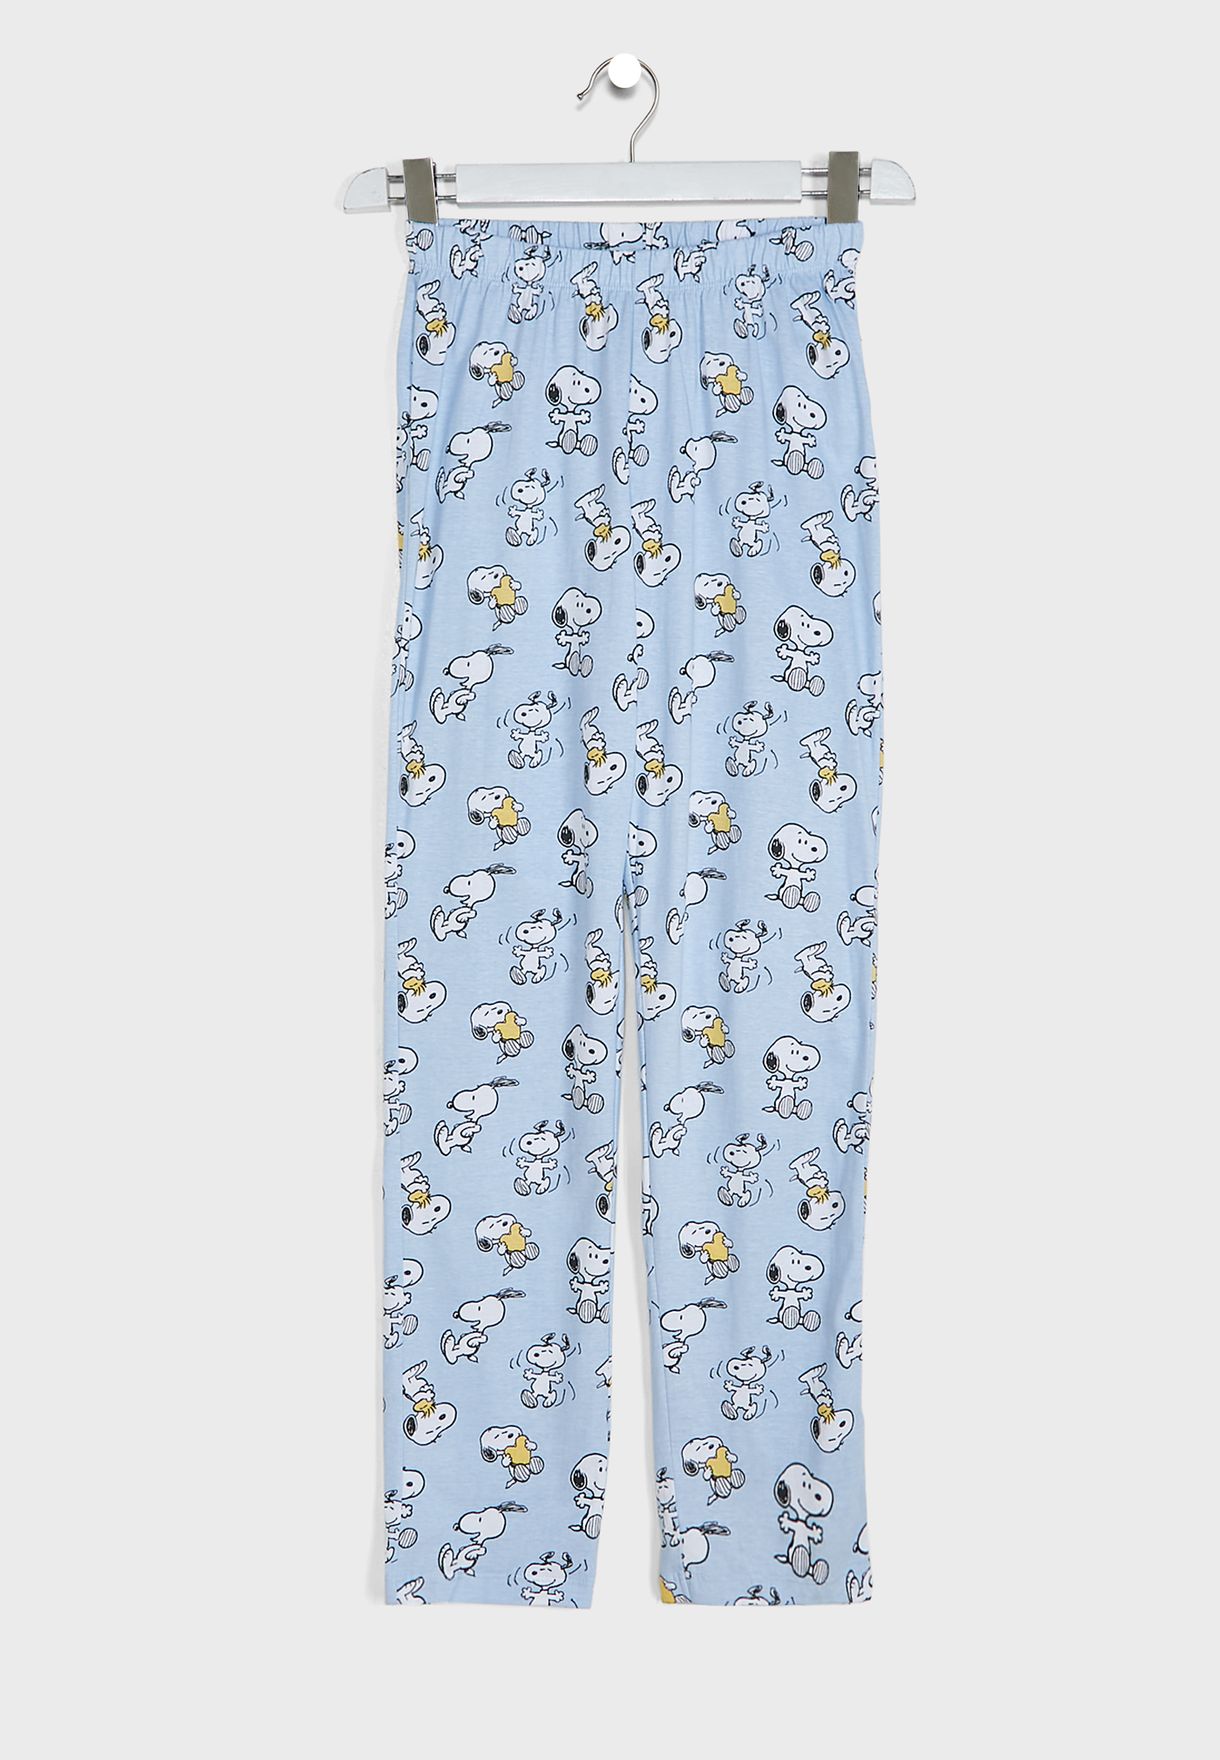 Youth Snoopy Pyjama Set
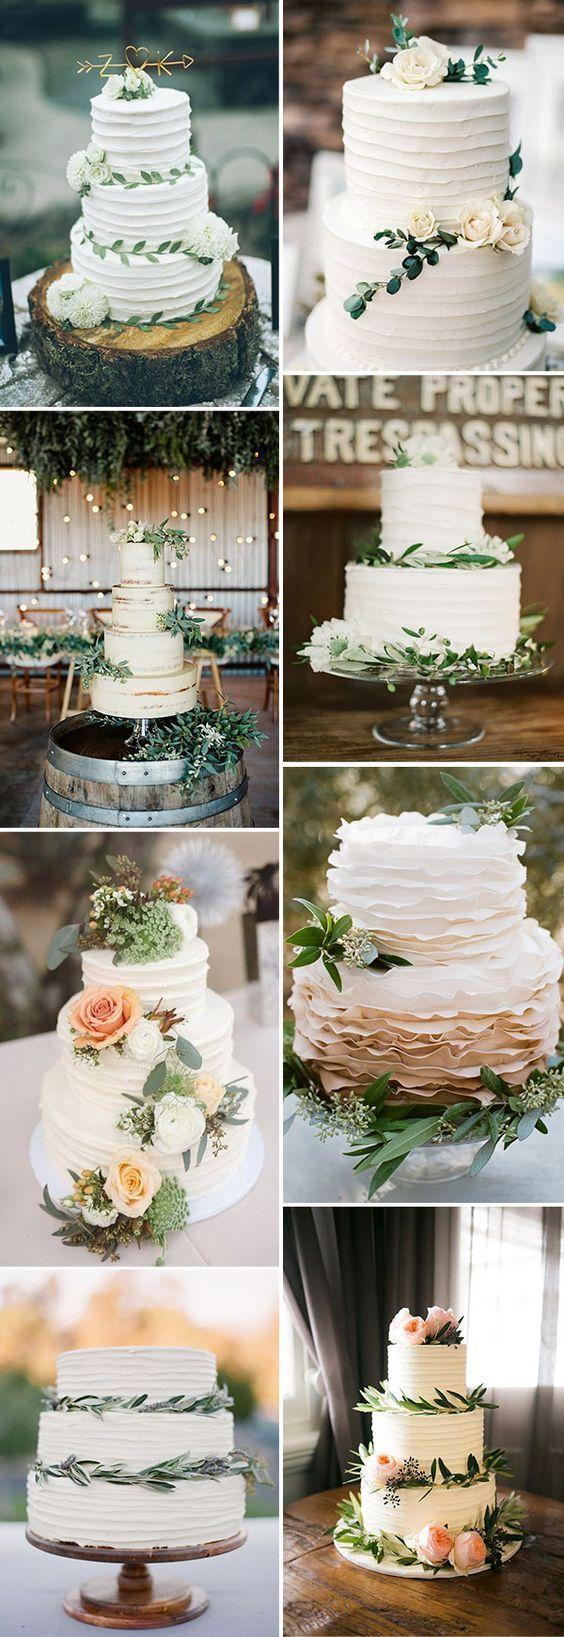 زفاف - 50 Steal-Worthy Wedding Cake Ideas For Your Special Day
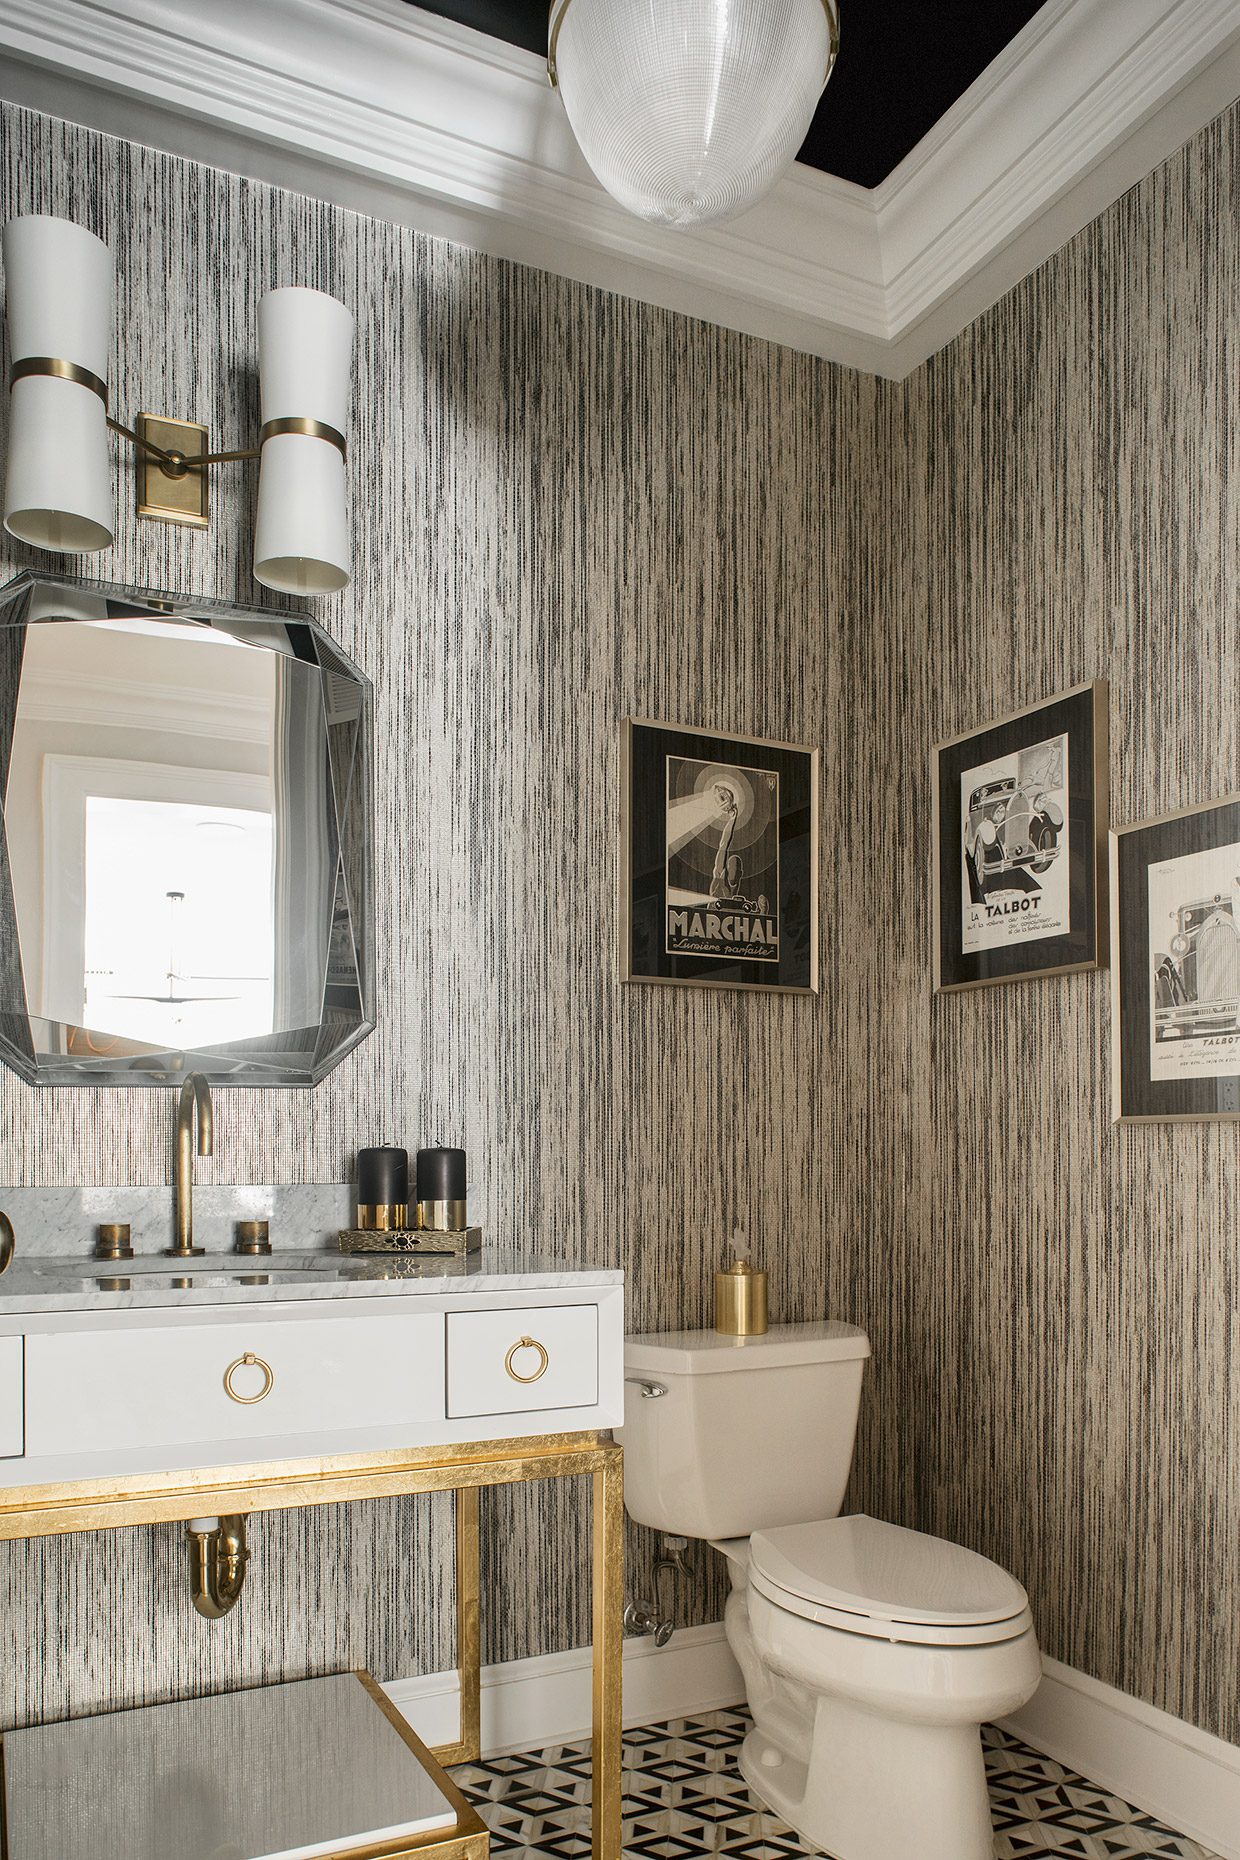 Bathroom Feature Wallpaper Ideas - BEST HOME DESIGN IDEAS

● ● ● ● ● ● ●

» WORK TO BE COMPLETED: Output the line containing "زفاف - 50 Steal-Worthy" along with every line after it to the end of the material, exactly as written, but without pictures.

» TASK RESPONSE:
 زفاف - 50 Steal-Worthy Wedding Cake Ideas For Your Special Day
 Bathroom Feature Wallpaper Ideas - BEST HOME DESIGN IDEAS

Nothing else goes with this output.